Write virtual references to Icechunk #1

TomNicholas · 2024-09-27T23:48:39Z

I think this is vaguely along the right lines? But I'm getting a bit confused by whether I'm supposed to manually create the zarr Arrays and Groups. (Also I'm completely unfamiliar with async code so not sure I'm doing that right either.)

rabernat · 2024-09-28T14:40:07Z

This raises a good question: do we want to expose a sync interface for setting virtual refs? Otherwise virtualizarr will either have to

Go full async
Make its own sync / async bridge

TomNicholas · 2024-09-28T15:46:37Z

virtualizarr will either have to

Go full async

Why would virtualizarr want to provide an async interface to users (which is presumably what you mean by "go full async")? The whole point of virtualizarr is to make manipulation of virtual references to datasets as simple as manipulation of in-memory data, by copying/re-using xarray's API. Xarray's API is not async, so virtualizarr's should not be either.

do we want to expose a sync interface for setting virtual refs?

You don't need to I don't think, because virtualizarr can reasonably use the async interface of icechunk to set virtual references for many groups/variables concurrently.

Make its own sync / async bridge

If I understand async/await correctly I would achieve the above by using asyncio.run in virtualizarr's to_icechunk, where I'm running an async function that awaits the setting of virtual references for each variable (i.e. it awaits icechunk's async set_virtual_refs).

rabernat · 2024-09-30T19:16:16Z

If I understand async/await correctly I would achieve the above by using asyncio.run in virtualizarr's to_icechunk, where I'm running an async function that awaits the setting of virtual references for each variable (i.e. it awaits icechunk's async set_virtual_refs).

Welcome to the async rabbit hole! 🐰 That sounds reasonable, but it it will not work if your user happens to be calling VirtualiZarr from within an existing async event loop.
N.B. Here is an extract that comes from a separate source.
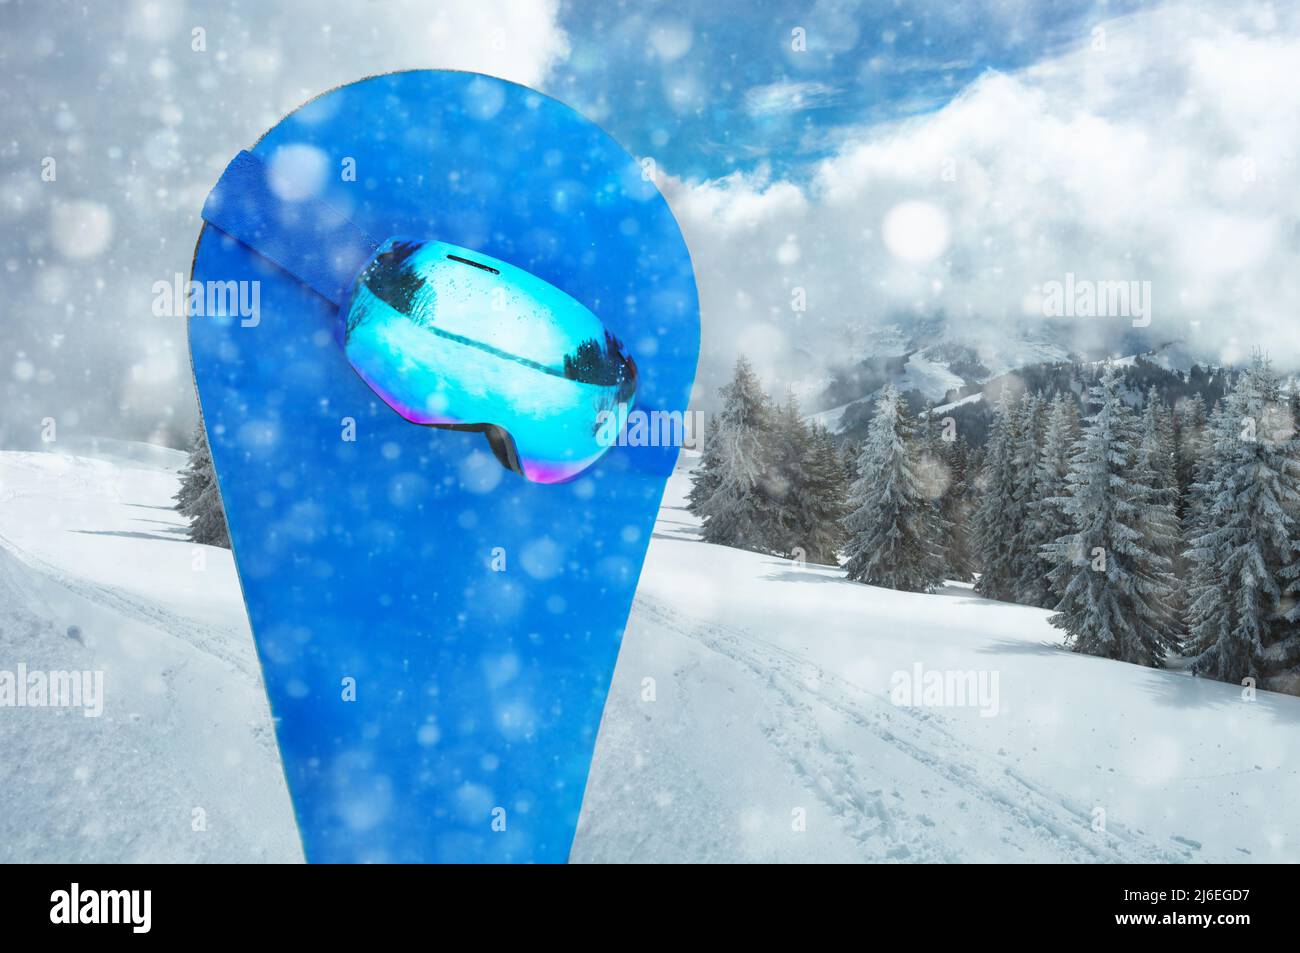 Ski sport mask close-up on blue snowboard over mountain track Stock Photo

Like in a jupyter notebook. 🙃

This is why both Zarr and fsspec have this gnarly code to allow you to safely call async functions: https://github.com/zarr-developers/zarr-python/blob/v3/src/zarr/core/sync.py

virtualizarr/writers/icechunk.py

mpiannucci · 2024-10-01T00:26:08Z

virtualizarr/writers/icechunk.py

+    store,
+    group,
+):
+    await asyncio.gather(


Looks like the right approach to me. its work stealing not parallel so remember that to keep perf expecations in check

virtualizarr/writers/icechunk.py

mpiannucci · 2024-10-01T00:36:29Z

virtualizarr/writers/icechunk.py

+        ],
+        op_flags=[["readonly"]] * 3,
+    )
+    for path, offset, length in it:


This works, but it will set them in serial. You can do this in parallel, creating the tasks with asyncio.ensure_future instead of calling await. Then you just gather them as you do above into a single future to return out to await later, or you can await the gathered future in the function, depending on the level of concurrency you desire

Interesting, but wouldn't it be better for this iteration to just happen on the icechunk end instead? That would both simplify this code and presumably be more efficient overall.

e.g. can icechunk expose a method for setting the virtual refs of an entire array at once like

async def set_array_as_virtual_refs( self, key_prefix: str, paths: np.ndarray[Any, np.dtypes.StringDType], offsets: np.ndarray[Any, np.dtype[np.uint64]], lengths: np.ndarray[Any, np.dtype[np.uint64]], ): ...

then do the loop over the chunks in rust? Or do you think that's departing from the zarr-like abstraction that icechunk presents?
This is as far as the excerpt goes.